### YOUR ASSIGNMENT:
From the listing that follows, reproduce only the lines from the one holding "Logo AISA (Australian Information" through the one holding "Destiny Dixon hosts Sapphire Pool", both included, with no pictures.

### RECORDED DATA:

· · ·

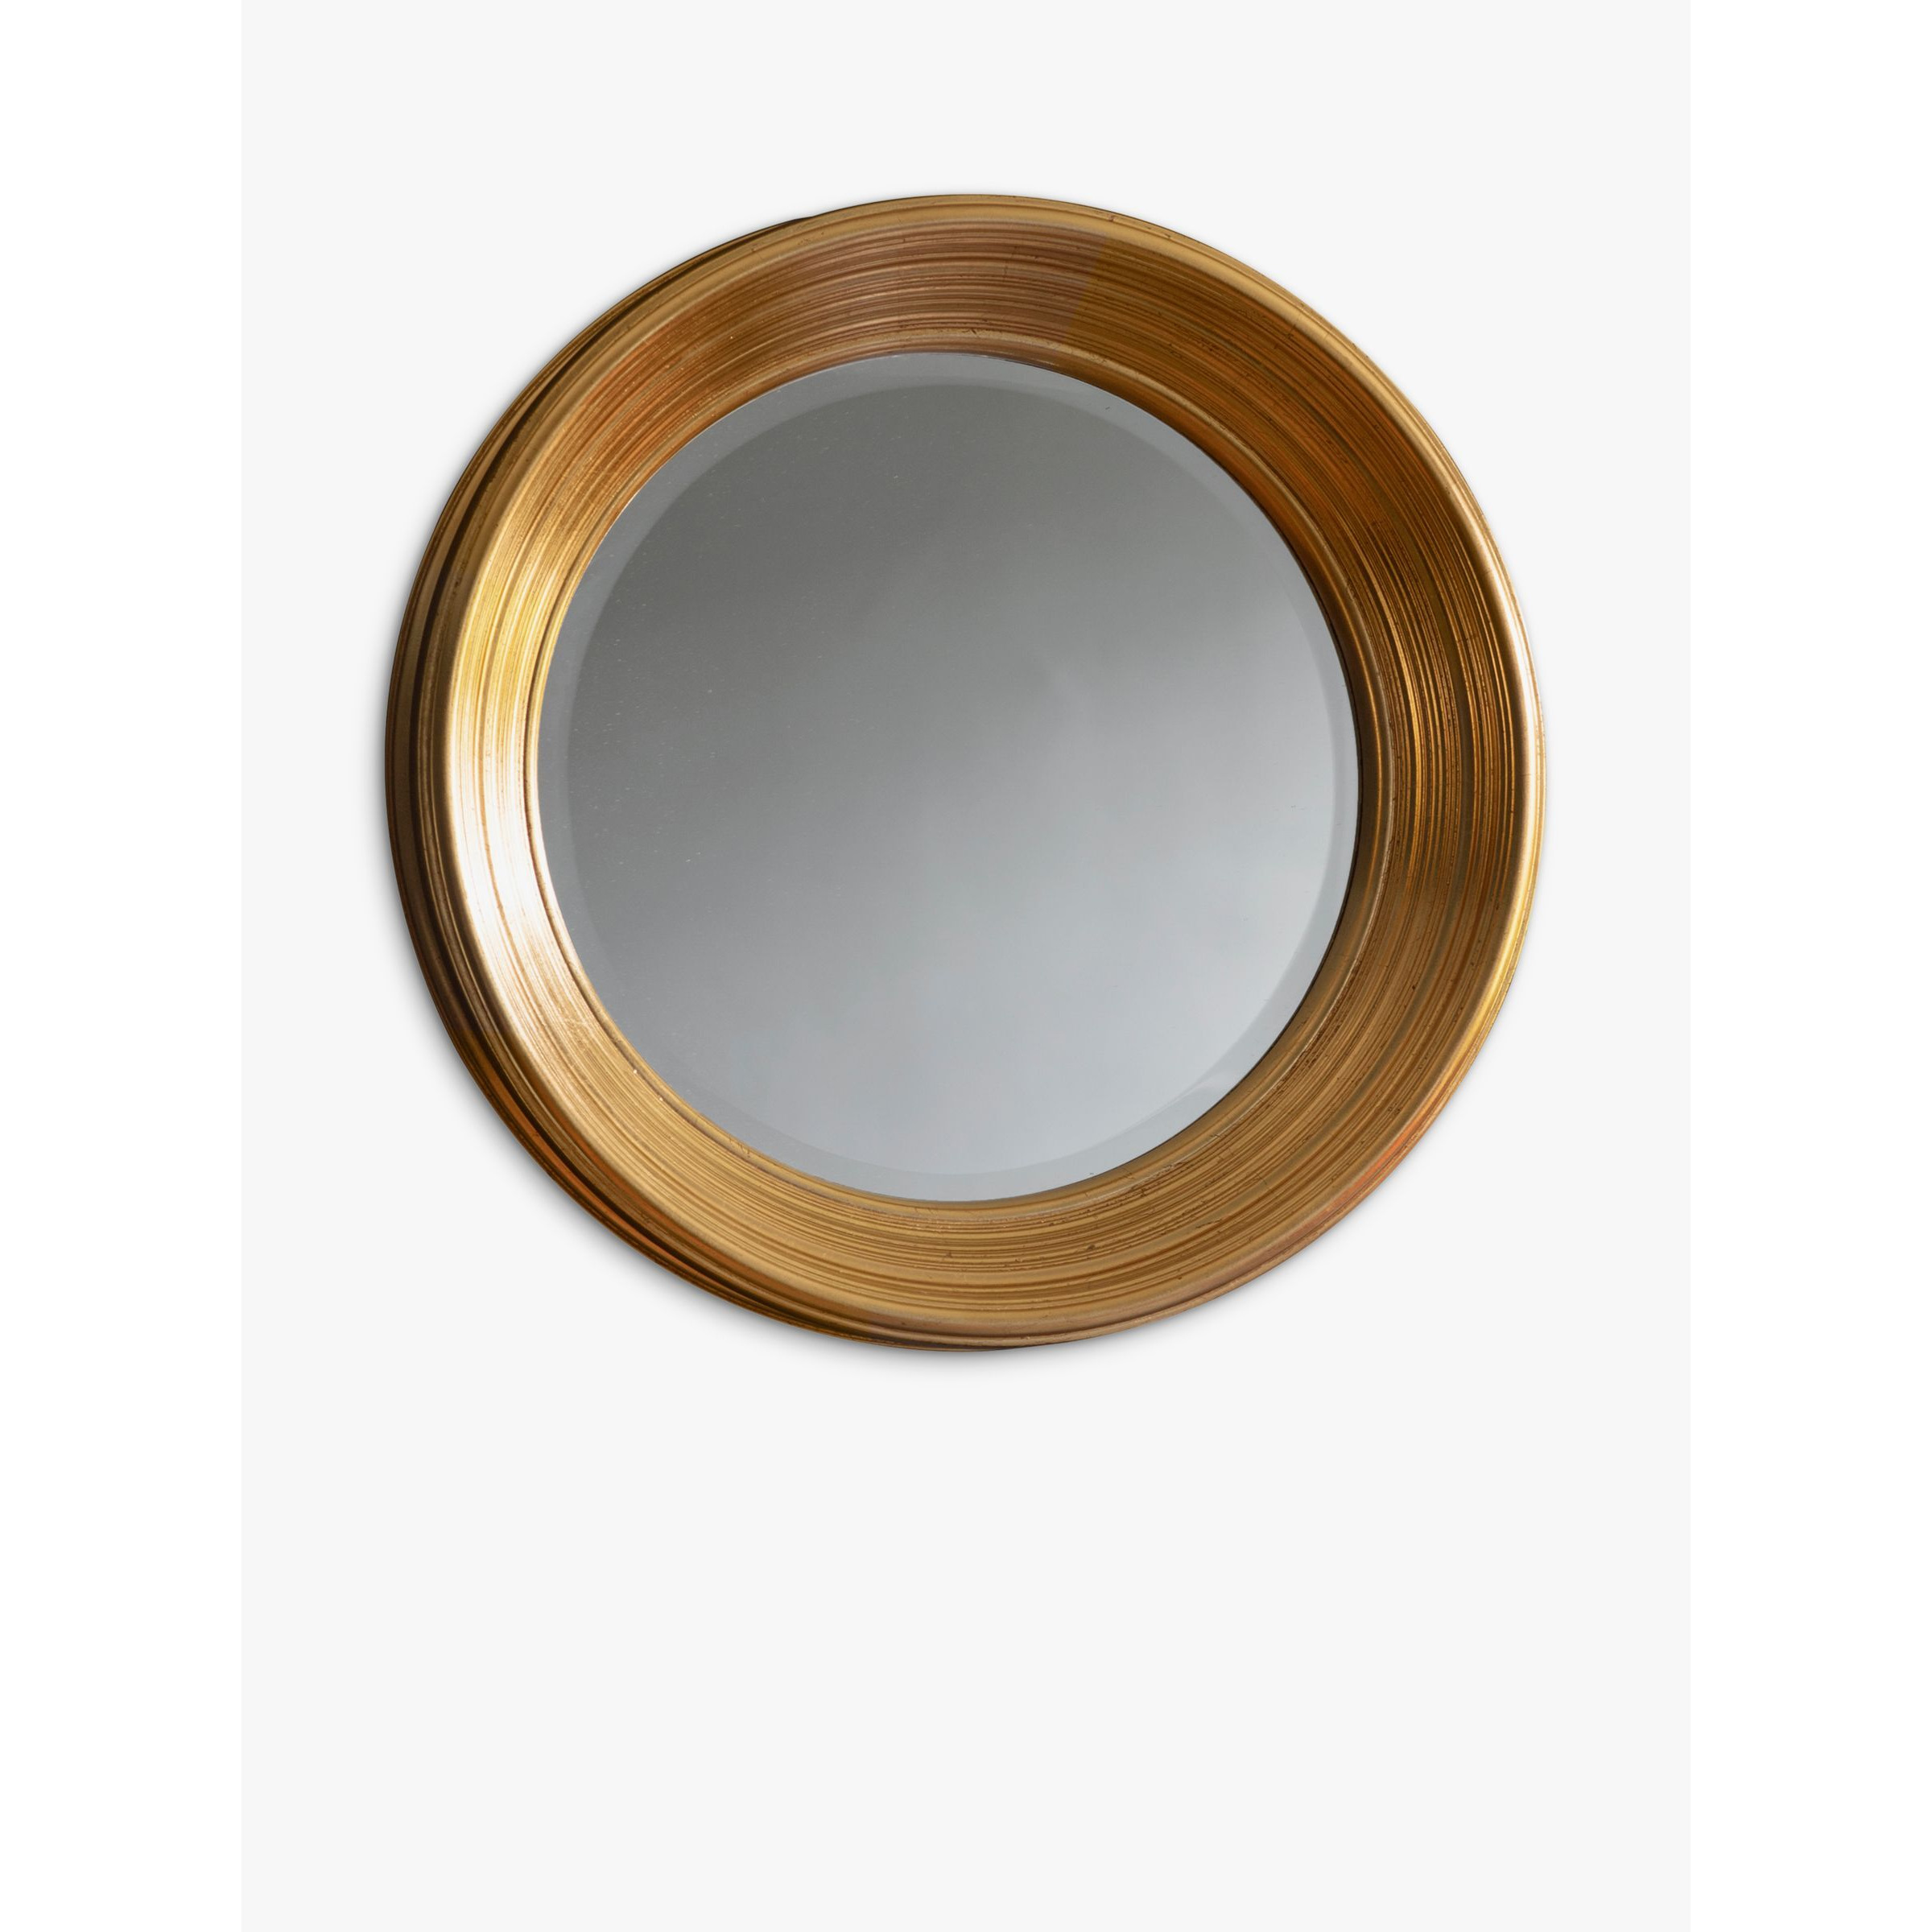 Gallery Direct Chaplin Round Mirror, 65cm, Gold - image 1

· · ·

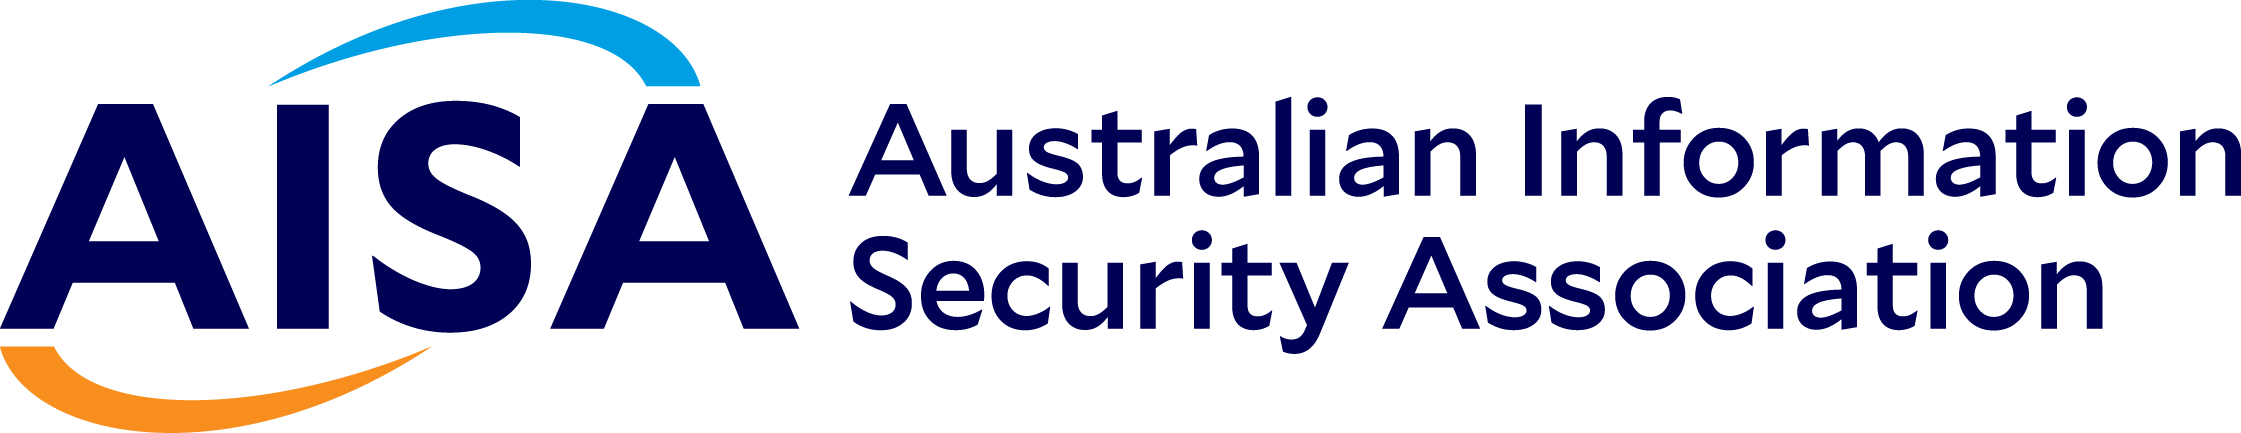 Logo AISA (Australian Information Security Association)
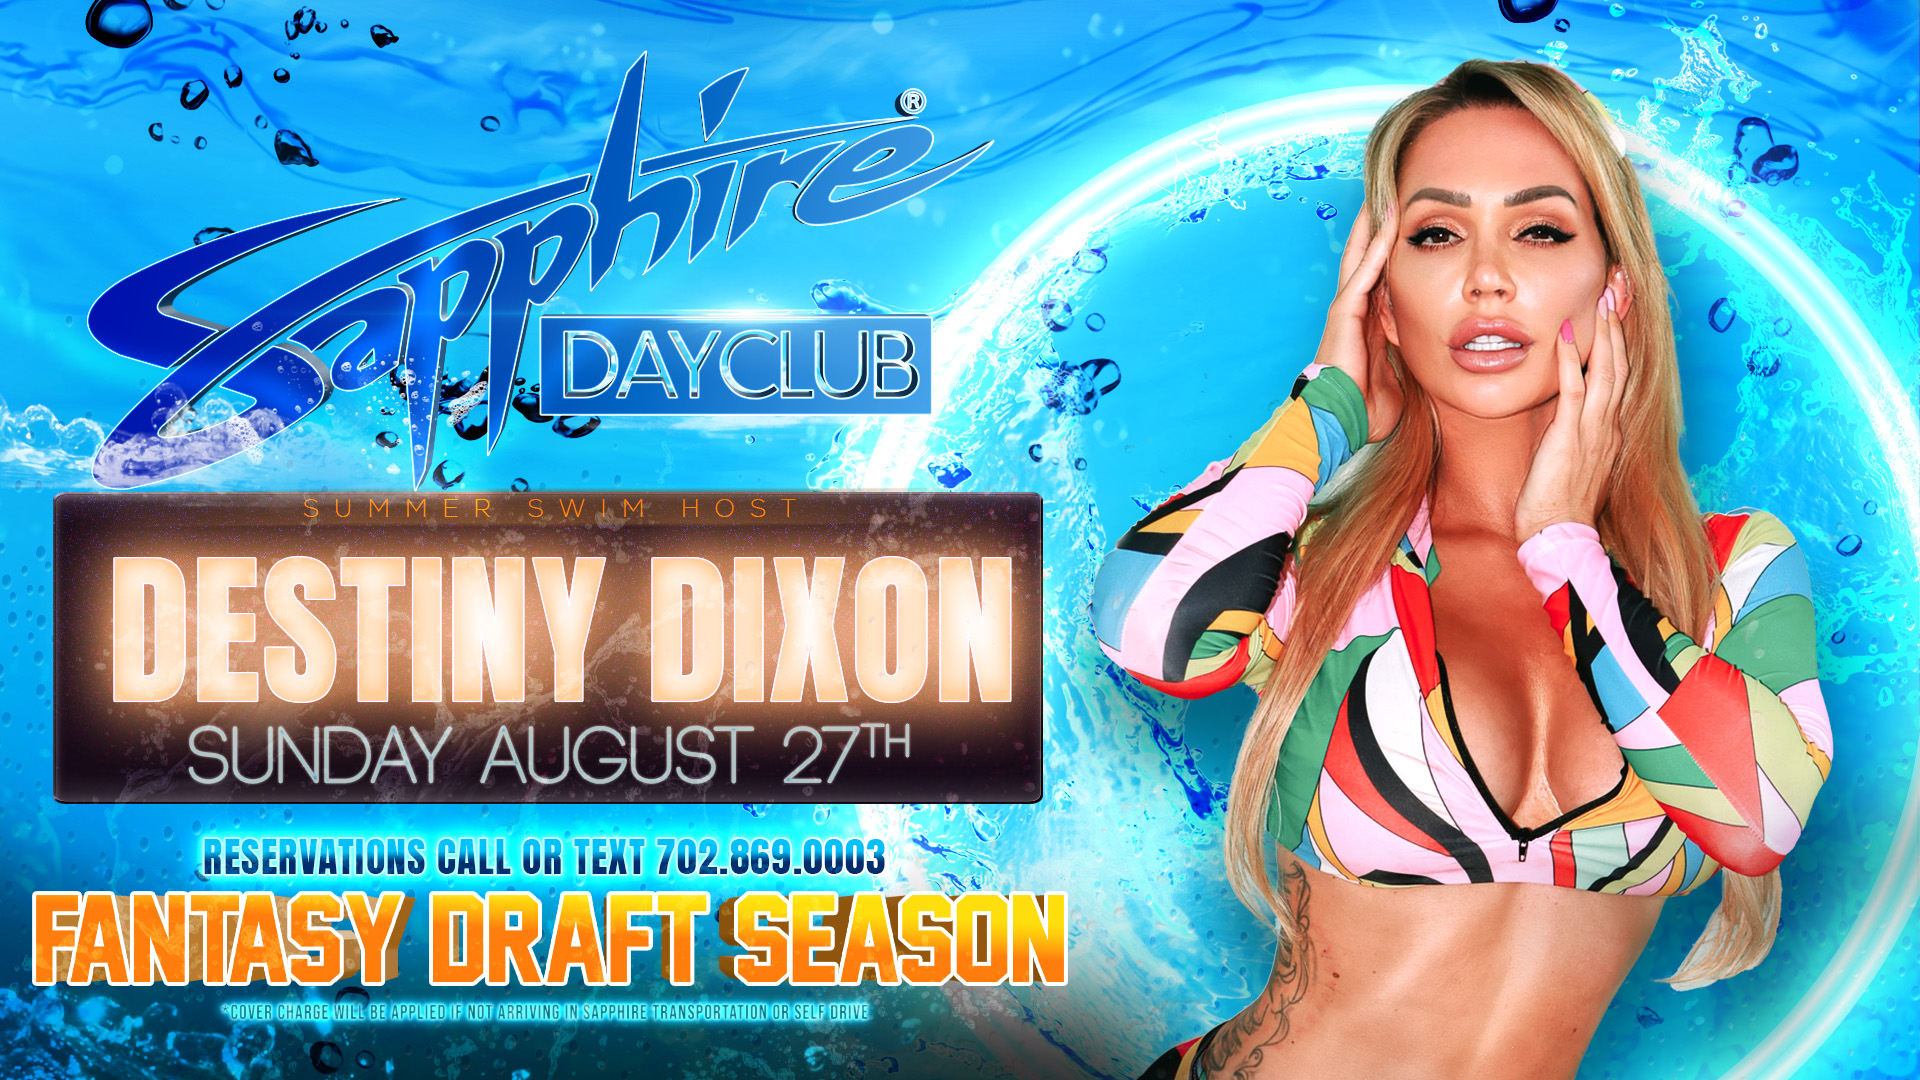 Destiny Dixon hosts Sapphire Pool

· · ·

### TASK RESULT:
 Logo AISA (Australian Information Security Association)
 Destiny Dixon hosts Sapphire Pool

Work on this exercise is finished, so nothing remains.